Типографские рабочие, кстати очень неплохо зарабатывавшие, держали марку высоко, полагая себя рабочей элитой, поэтому стремились одеваться «чисто». Так что Есенин на первых порах просто принял правила игры.

Далее Изряднова рассказывает:

«Настроение у него угнетенное – он поэт, а никто не хочет этого понять, редакции не принимают в печать. Отец журит, что занимается не делом, надо работать, а он стишки пишет».

Словом, обычное дело. Начинающий творческий человек в большом городе. В конце концов Есенин вроде бы нашел единомышленников. Был в Москве на Миусской площади Народный университет Шанявского. Эдакое бесплатное заведение, где пытались приобщить рабочих к культуре. Возле него существовало нечто вроде литературного объединения – кружок рабочих поэтов-самоучек. Оттуда уже были дороги в некоторые журналы, где и появились первые стихи Есенина.

Довольно быстро поэт, никогда не страдавший заниженной самооценкой, убедился, что все это – игры дилетантов. Есенин хотел не просто писать и печатать стихи. Он хотел славы. Настоящей, большой славы. Он ни в коей мере не походил на самодостаточного Хлебникова. Нужно было пробить путь в большую литературу. В Москве как-то не складывалось. И Есенин двинул в Петербург. Вот тут-то все и началось…

* * *

Есть разные сведения, как Есенин додумался до того, чтобы, расставшись с одеждой представителя «рабочей аристократии», облачиться в костюм оперного мужичка. По некоторым сведениям, эту идею ему подкинул Николай Клюев, именно таким образом пробивший себе дорогу в большую литературу. По другим – своим умом дошел. Потому что вот уж чего в Есенине не было, так это простодушия. Человек он был хитрый – и прекрасно понимал, кому и что говорить. Поначалу, явившись к поэту Рюрику Ивневу, он изображал деревенского простого парня. В пересказе Анатолия Мариенгофа история Есенина выглядит так:

«Знаешь, и сапог-то я никогда в жизни таких рыжих не носил, и поддевки такой задрипанной, в какой перед ними предстал. Говорил, что еду в Ригу бочки катать. Жрать, мол, нечего…» («Роман без вранья»).

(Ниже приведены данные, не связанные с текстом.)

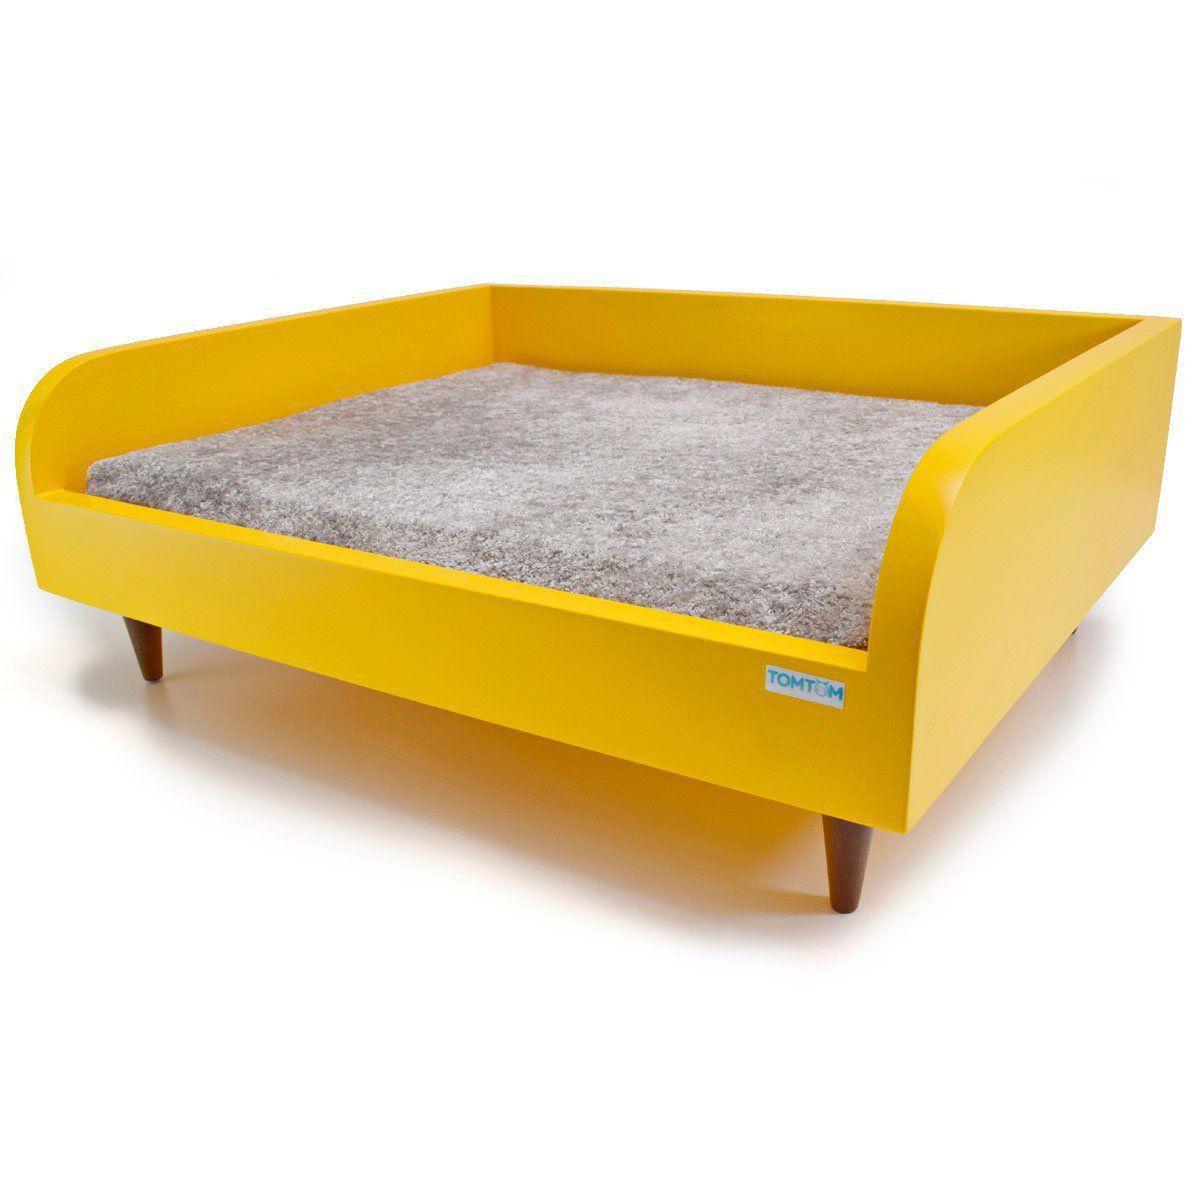 Sofá para Cachorro Tomtom Amarelo com Almofada Cinza - P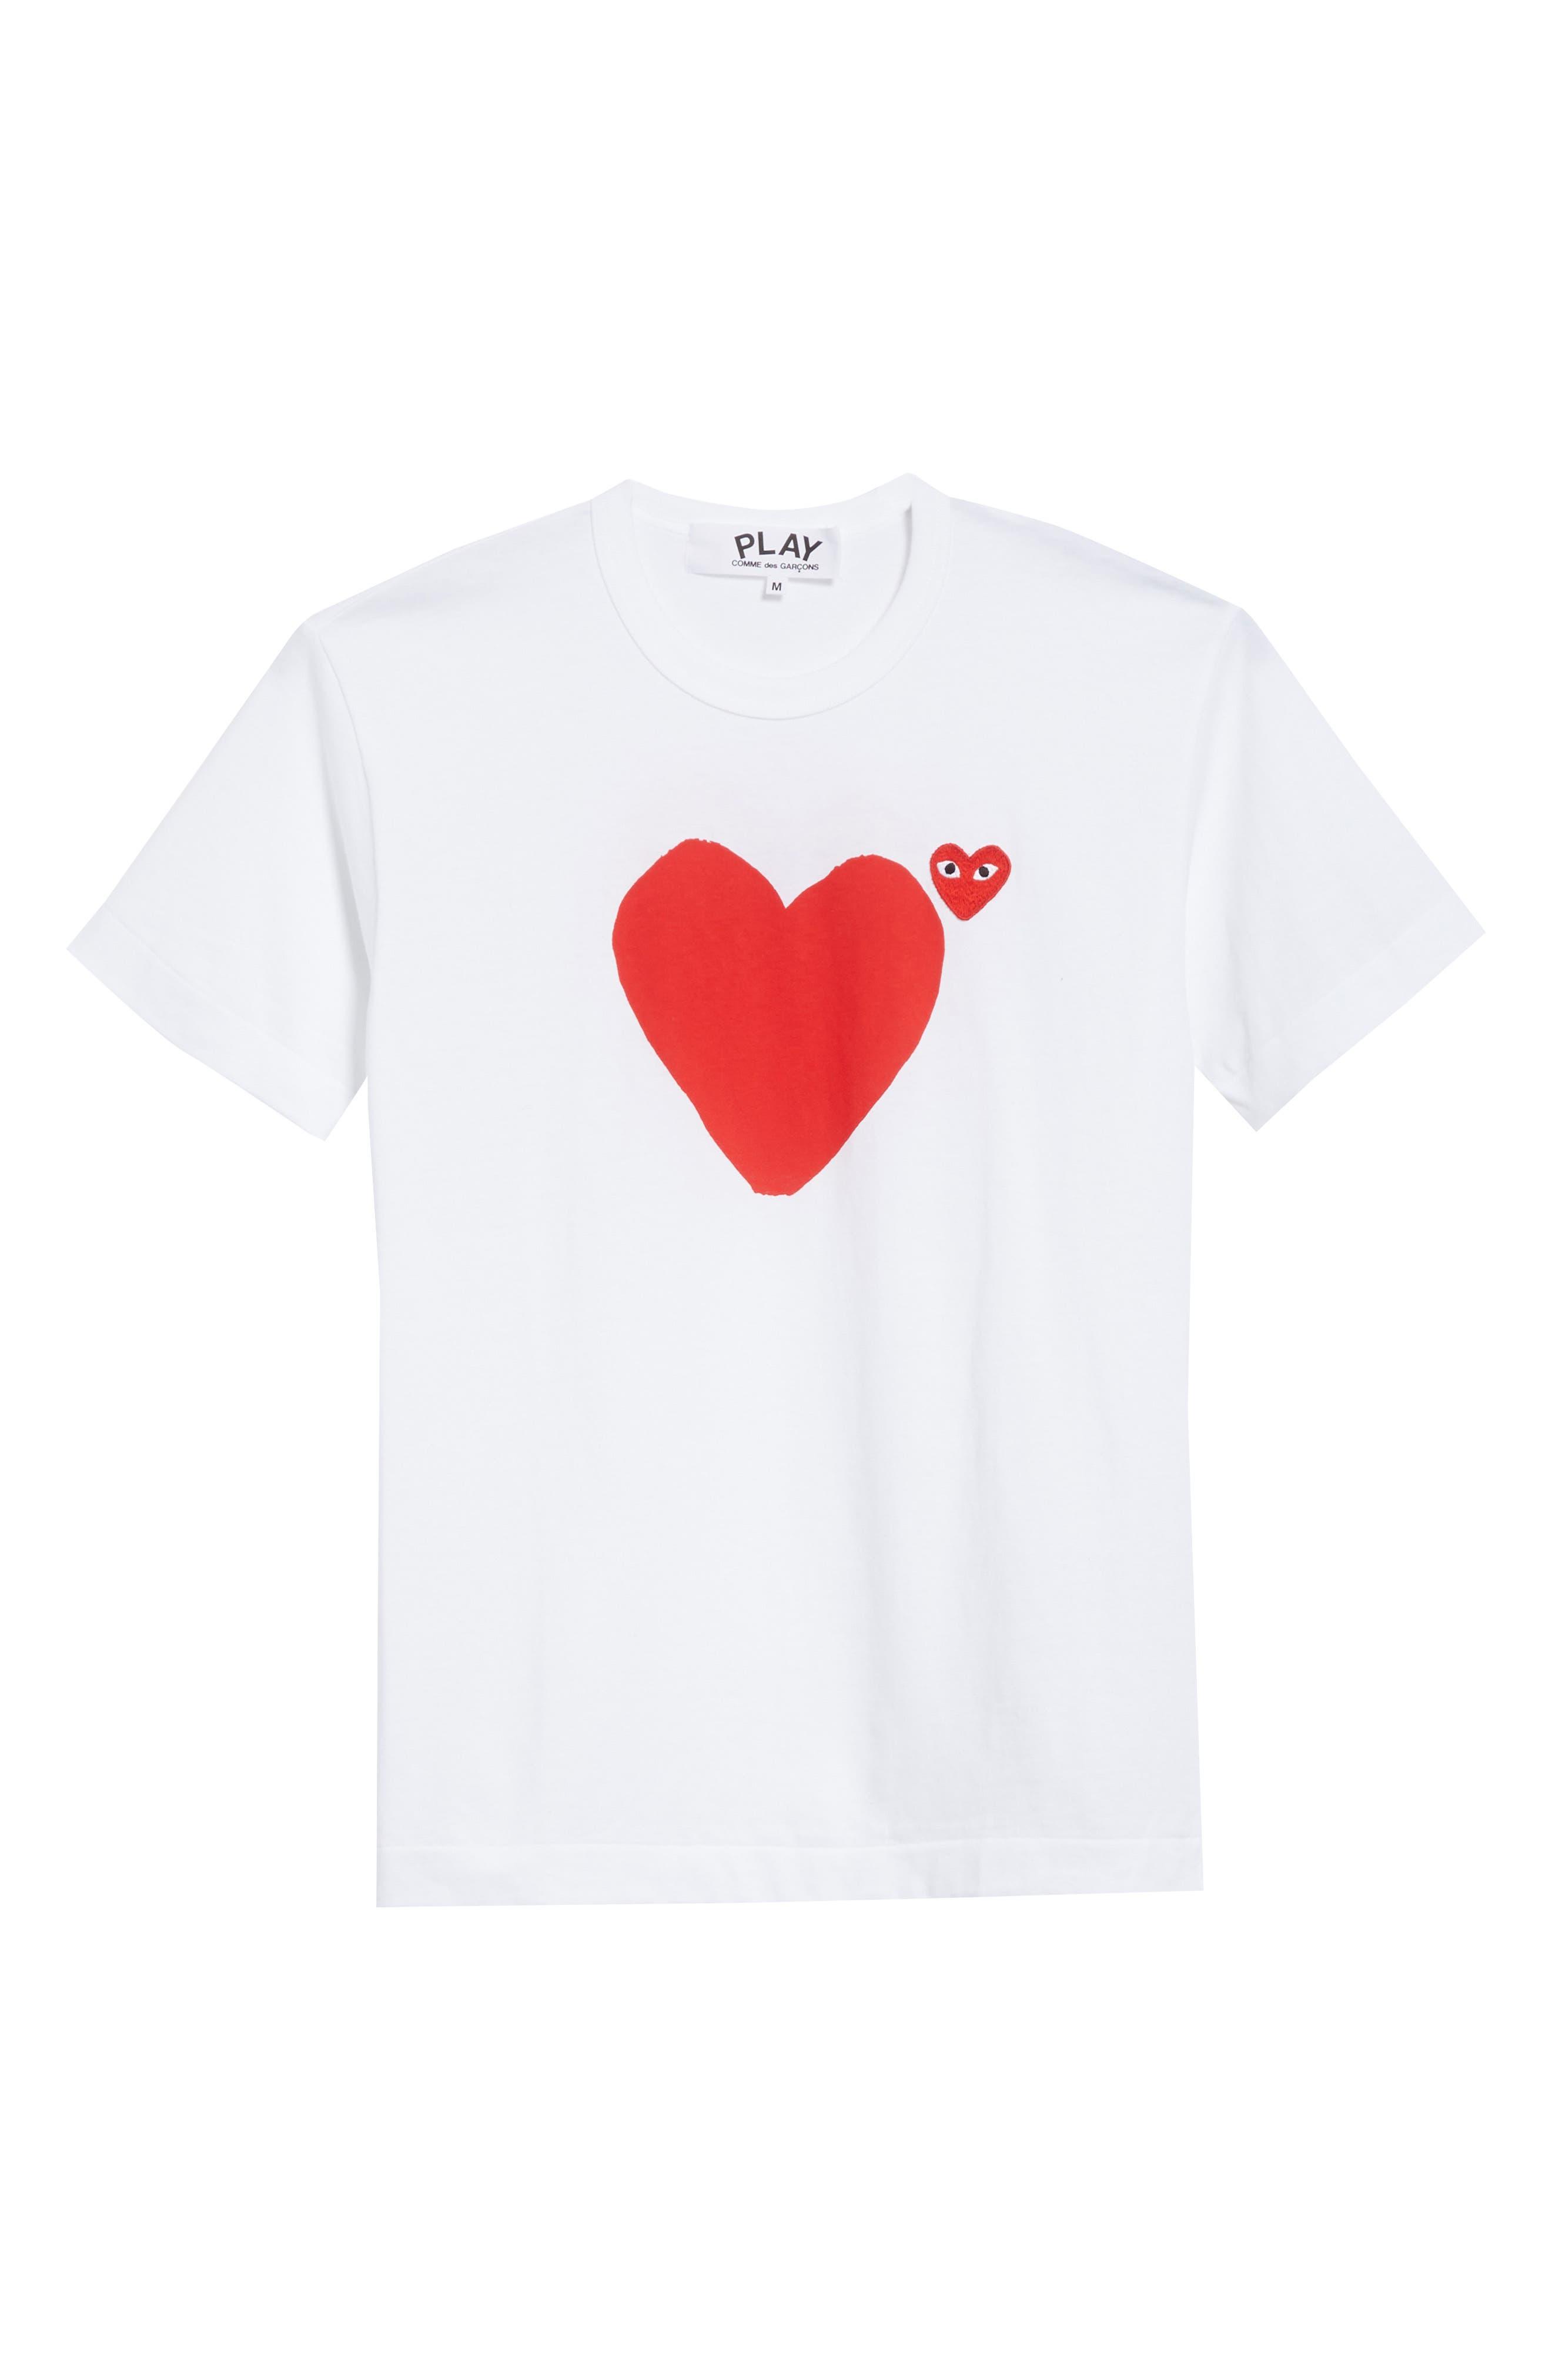 Comme des Garçons PLAY Graphic T-Shirt,                             Alternate thumbnail 6, color,                             1 White

Ход психологически верный. Одно дело – приехал очередной начинающий поэт из Москвы, другое – нагрянул натуральный самородок «из народа».

Затея имела успех. Рюрик Ивнев ввел Есенина в салон Зинаиды Гиппиус и Дмитрия Мережковского. Это было весьма своеобразное место. Там занимались разнообразными мистическими изысканиями. Мистические откровения искали всюду, где только можно. В том числе и в «глубинах народа». О котором, заметим, эти рафинированные интеллигенты не имели ни малейшего понятия. Вот и рассчитывали в молодом деревенском поэте найти что-то эдакое «глубинное» и «патриархальное». Я уже упоминал, что лубочная народность была тогда в большой моде. Забавно, что эти же настроения, распространенные в среде петербургской элиты, эксплуатировал и Григорий Распутин.

Хотите – получите! И Есенин, оценив ситуацию, начал лихо косить под пейзанина. Благо внешностью он обладал соответствующей – эдакий ангелоподобный пастушок. Поэт стал ходить по литературным салонам, одетый в костюм, который крестьяне носят лишь в оперных постановках, прихватив тальянку (примитивную гармонь). Успех был колоссальный. По большому счету, Есенин действовал в том же ключе, что и футуристы: сначала создать моду «на себя», а дальше уж разберемся. Недаром Маяковский раскусил его хитрость с первого взгляда:

«В первый раз я его встретил в лаптях и в рубахе с какими-то вышивками крестиками. Это было в одной из хороших ленинградских (Маяковский имеет в виду – петербургских. – А. Щ.) квартир. Зная, с каким удовольствием настоящий, а не декоративный мужик меняет свое одеяние на штиблеты и пиджак, я Есенину не поверил. Он мне показался опереточным, бутафорским. Тем более что он уже писал нравящиеся стихи и, очевидно, рубли на сапоги нашлись бы.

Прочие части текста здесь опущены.